Петерсон в пневмораке расслабил мышцы. Он вдруг почувствовал, как напряженно ждал. И дождался.
— Ты в храме был?
— Был. Молился много оборотов через три цвета. Много лет прошло с тех пор, как Петерсон последний раз видел цвета. Но он знал, что в религии Марса цвета были основой.
— И что предсказал тебе Благословенный Джилка?
— Завтрашний день заключен в чаше памяти дня сегодняшнего. И многое другое.
Шелковые обертоны чуждого голоса несли покой. Петерсон никогда не лицезрел воочию высокого и невообразимо древнего джилкита, но его скрюченные пальцы не раз ощупывали безволосую каплевидную голову марсианина и «видели» глубокие круглые впадины, где горели углями глаза, вздернутый нос и узкую щель безгубого рта. Петерсон знал это лицо как свое собственное, со всеми морщинами, мешками и шишками.
И еще он знал, как стар джилкит. Так стар, что его земные годы человеку не счесть.
— Ты слышишь приближение Серого?
Претри набрал полную грудь воздуха и хрустнул костями, опускаясь на ступеньку рядом со старым человеком в пневмораке.
— Он идет, старик, но идет медленно. Будь терпелив.
— Терпелив! — задумчиво хмыкнул Петерсон. — Терпения-то у меня хватает. Полно терпения, а больше, пожалуй, ничего и нет. Когда-то еще и время было, да все почти вышло. Идет, говоришь?
— Идет, старик. Время. Надо просто ждать.
— Как там голубые тени, Претри?
— В лунных долинах густы как мех, старик. Ночь идет.
— А луны вышли?
Широкие ноздри шумно выдохнули, и голос ответил:
— Еще нет. Тайсеф и Тиэи обе за горизонтом. Быстро темнеет. Быть может, этой ночью, старик.
— Быть может.
— Наберись терпения.
Когда-то Петерсон не был терпелив. Когда играла в нем молодая горячая кровь, он подрался со своим отцом — баптистом секты Пресби — и сбежал в космос. Ни в Бога, ни в черта не верил тогда Петерсон, ни в прочие окаменелости Всецеркви. Потом поверил, но тогда — нет.

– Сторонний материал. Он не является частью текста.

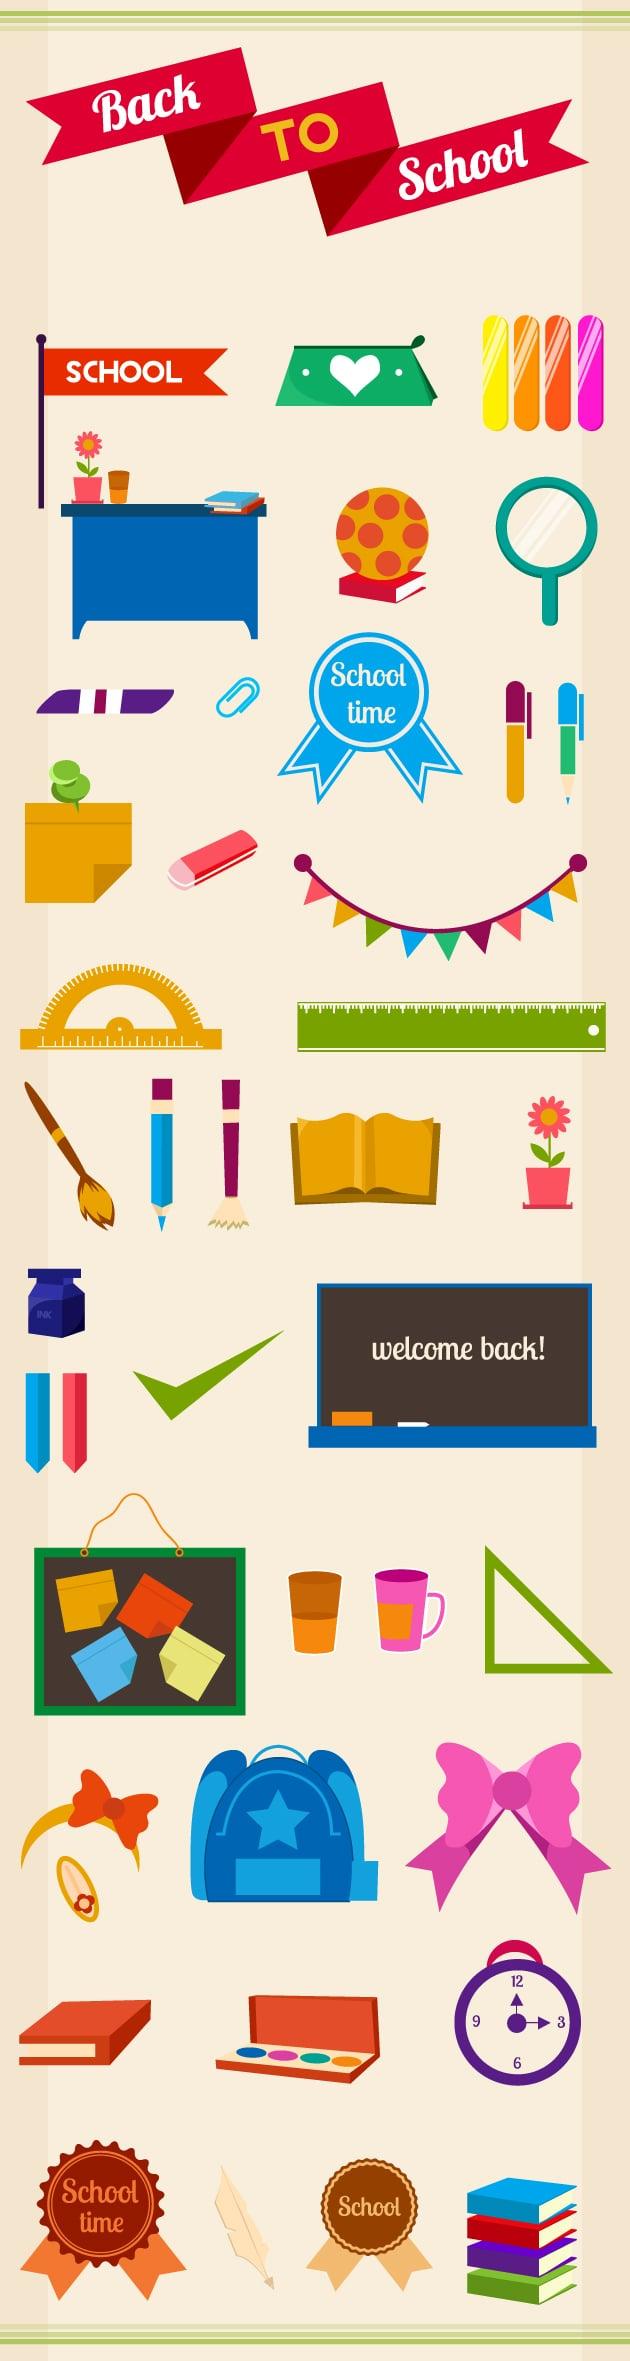 designtnt-back to school vector elements-vector

Он сбежал в космос, и время щадило его. Он старел постепенно, не болея, как стареют люди в темных пропастях между шариками грязи. Он видел смерть: умирали те, кто верил, и те, кто не верил. И со временем он понял, что одинок и что наступит однажды день, когда придет за ним Серый.
Он был одинок всегда; и когда не мог больше водить через космос большие корабли, он ушел.
Ушел искать себе дом, и круги скитаний вынесли его к началу пути. Петерсон вернулся на Марс, где был молод, где родились его мечты, на Марс, потому что дом человека там, где он был молод и счастлив. Он пришел домой, где теплы дни и нежны ночи. Домой, где люди каким-то чудом не пустили свои корни из бетона и стали. Вернулся в дом, который не изменился со времен его счастливой молодости.
И вовремя. Ибо его нашла слепота, движения стали медленны, и он понял, что Серый идет за ним. Слепота пришла от лишних стаканчиков джина и скотча, от лишней дозы радиации, от лишних часов разглядывания прищуренными глазами пустоты. Слепой, который не может заработать себе на жизнь.
И. он на ощупь нашел свой дом, как птица находит родное дерево, как находит последний кусок коры оголодавший зимний олень, как река находит море. Он пришел домой дожидаться Серого, и здесь нашел его джилкит Претри.
Они сидели рядом на веранде, и мало было ими сказано, но многое понято.
— Претри.
— Да, старик.
— Я ни разу не спросил, зачем тебе это надо. Я думал…
Претри подался вперед, и Петерсон услышал, как клацнула его клешня по крышке стола. А потом марсианин вставил ему в руку стаканчик виски с водой.
— Я знаю, о чем ты говоришь, старик. Но я уже две жатвы с тобой пробыл. И я остаюсь. Тебе мало этого?
Две жатвы. Четыре земных года. Когда-то на рассвете джилкит пришел и остался служить старому человеку. Петерсон как раз воевал с кофейником (почему-то он любил старомодный настоящий кофе и презирал кофейные брикеты) и водонагревателем, и тут появился этот нетребовательный, самоотверженный слуга и стал о нем заботиться без угодливости, но угадывая каждое его желание. Они сразу сжились друг с другом: Петерсону не много было надо, а Претри ничего не просил взамен.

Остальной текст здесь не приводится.